_PROBLEM REQUIREMENTS_.
From start to end, write out the following data exactly, apart from its images.
═════ INFORMATION SUPPLIED
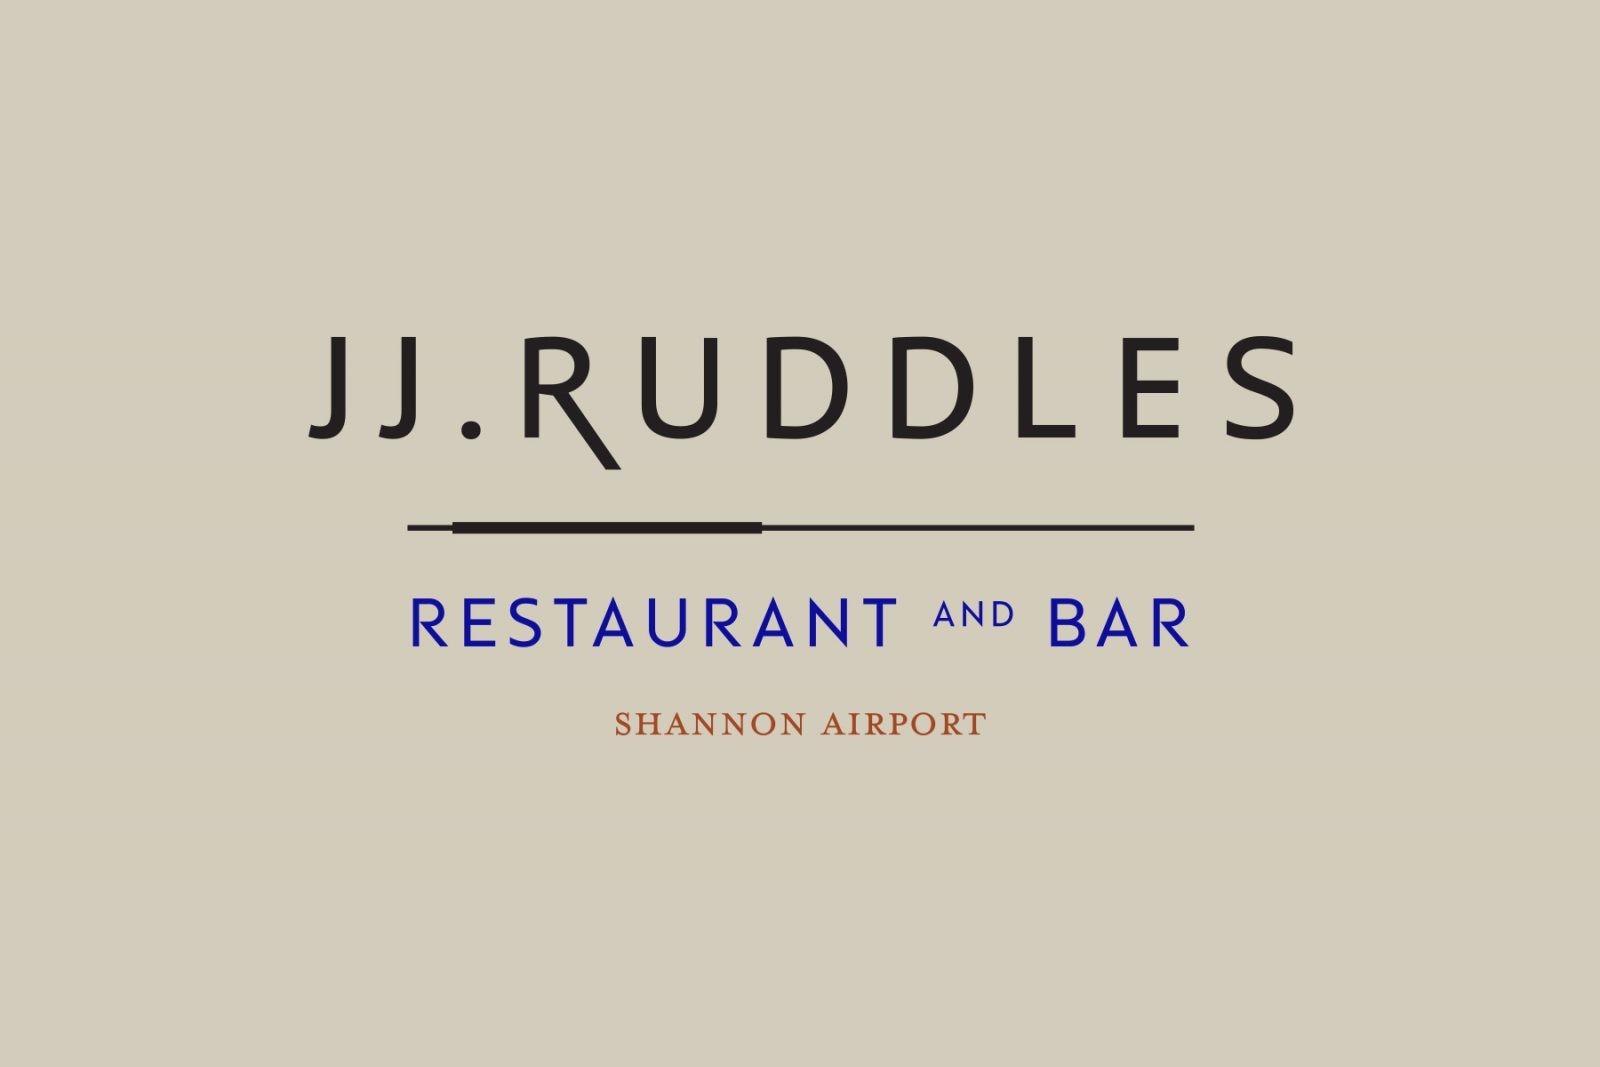 jj ruddles
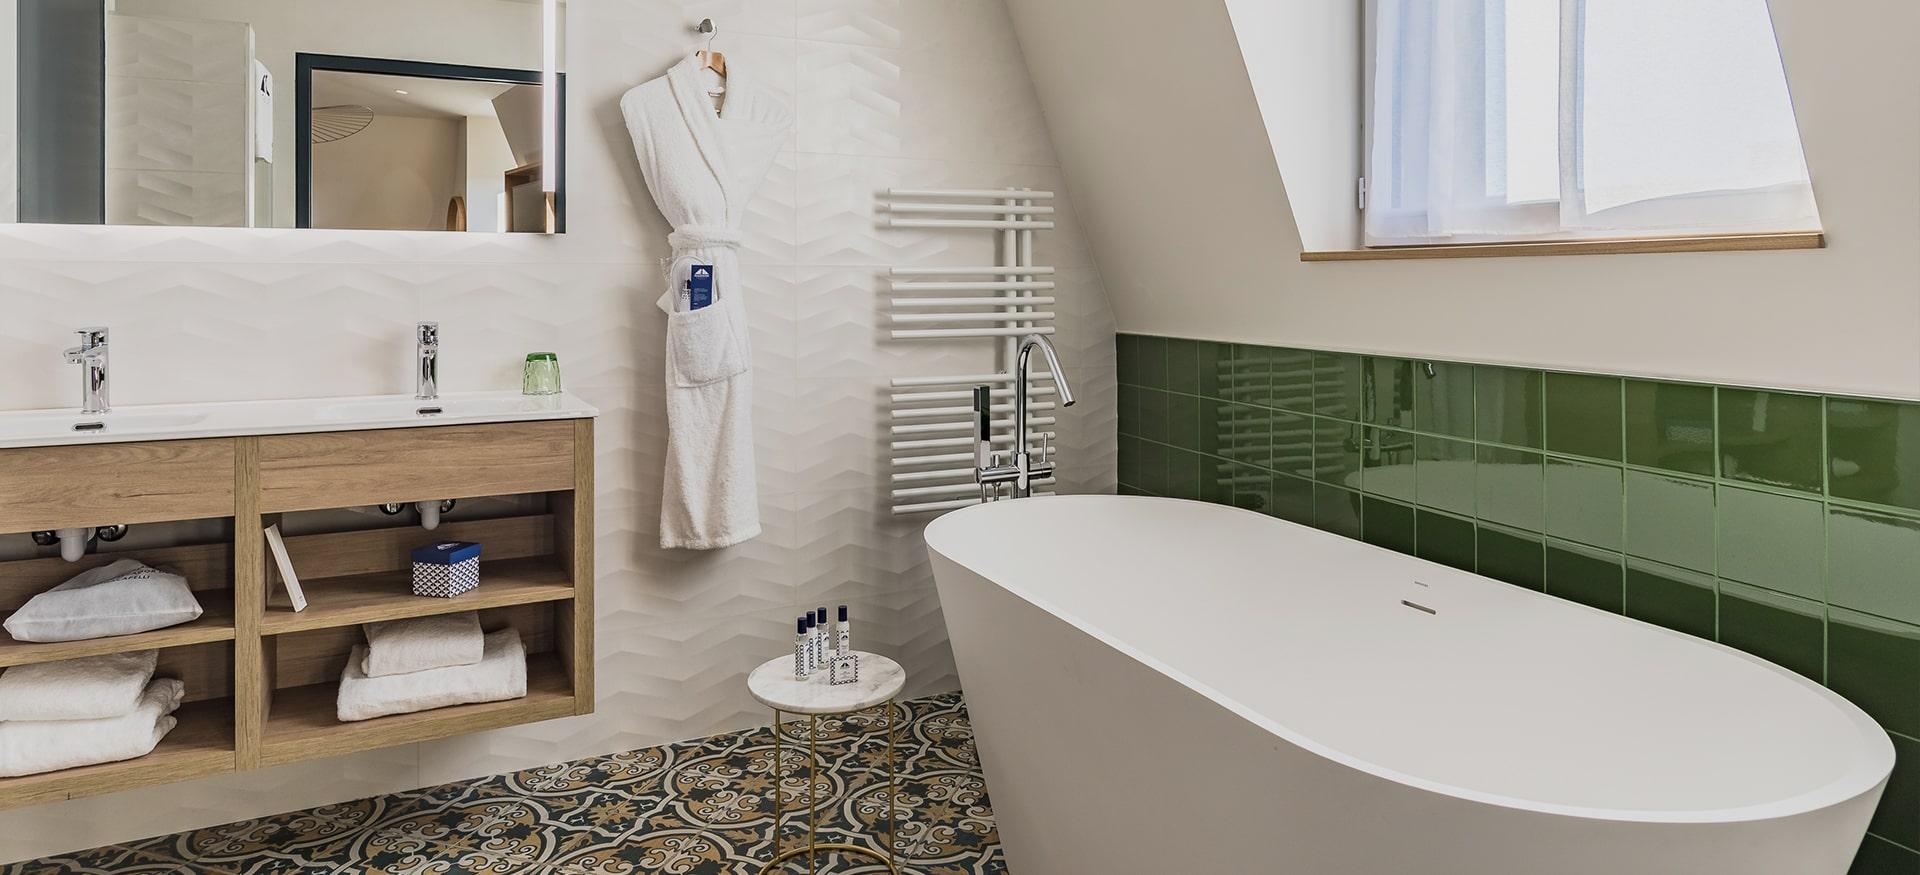 Buy Bath Linen Online See The Jean Vier Range Of Basque Linen Bath Sheet Bath Towel Wash Gloves Bathroom Towel
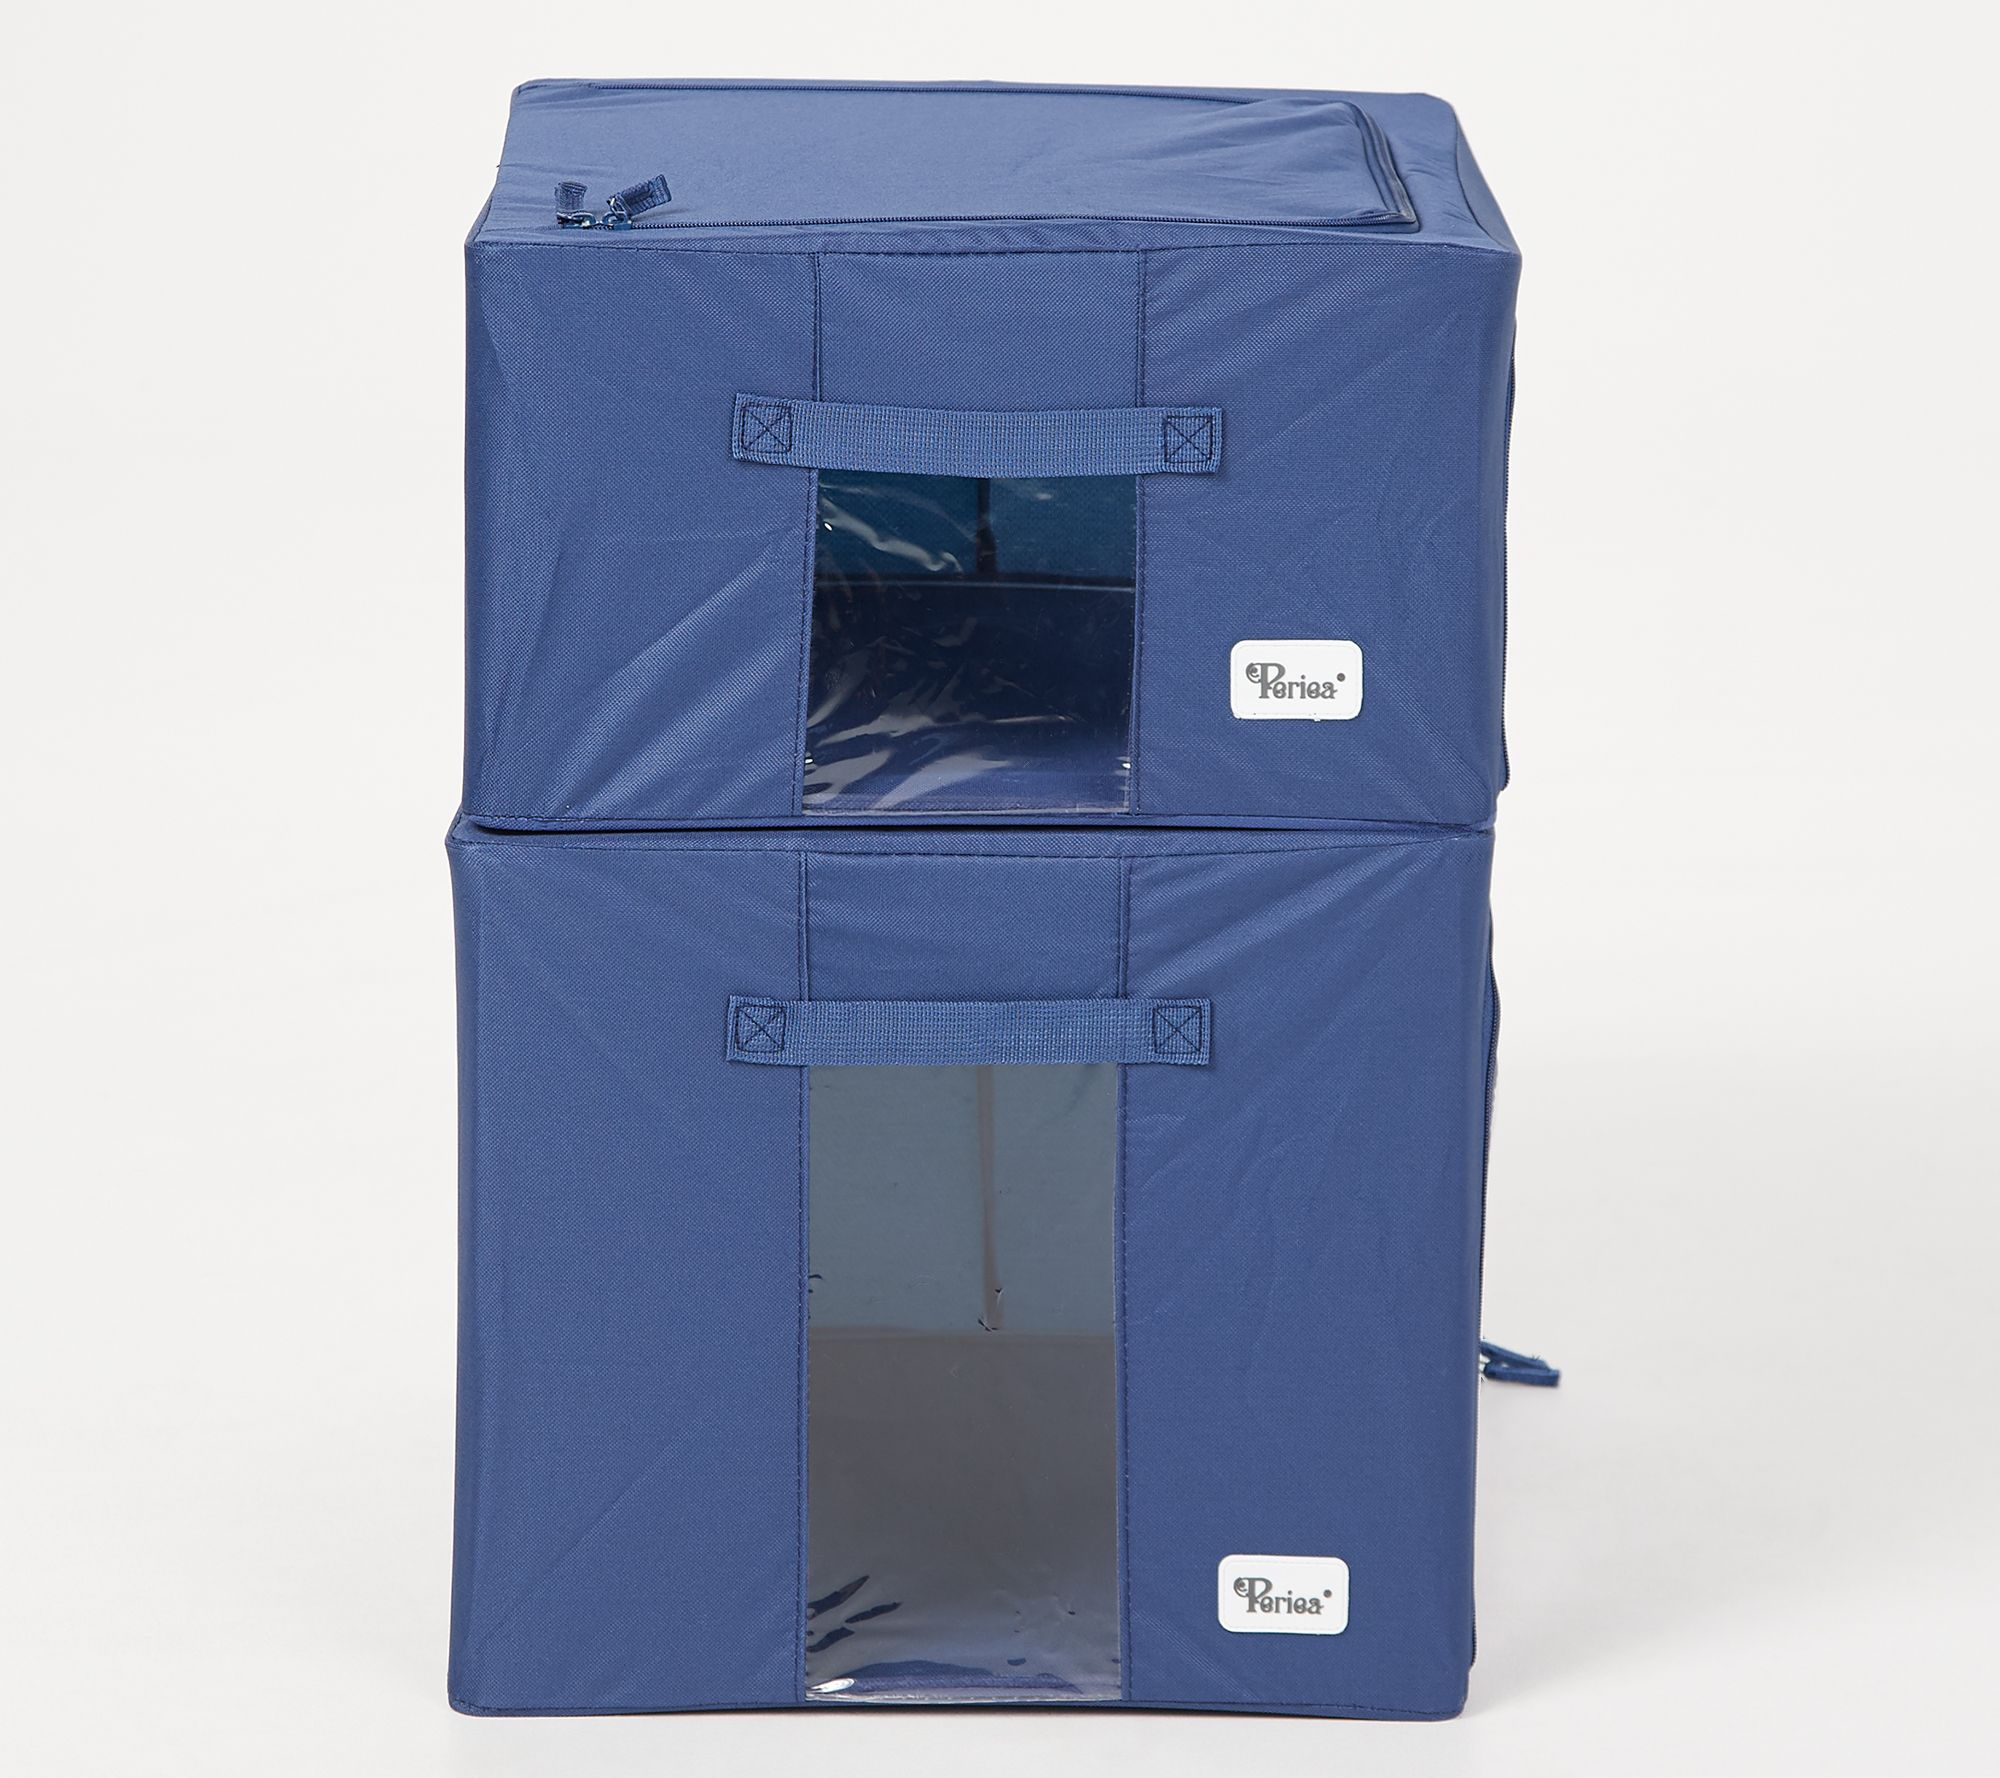 Periea Set Of 4 Collapsible Storage Boxes (2) Large U0026 (2) Medium Boxes    Page 1 U2014 QVC.com
══════════
_SOLUTION FOR THIS PROBLEM_.
 jj ruddles
 Buy Bath Linen Online See The Jean Vier Range Of Basque Linen Bath Sheet Bath Towel Wash Gloves Bathroom Towel
 Periea Set Of 4 Collapsible Storage Boxes (2) Large U0026 (2) Medium Boxes    Page 1 U2014 QVC.com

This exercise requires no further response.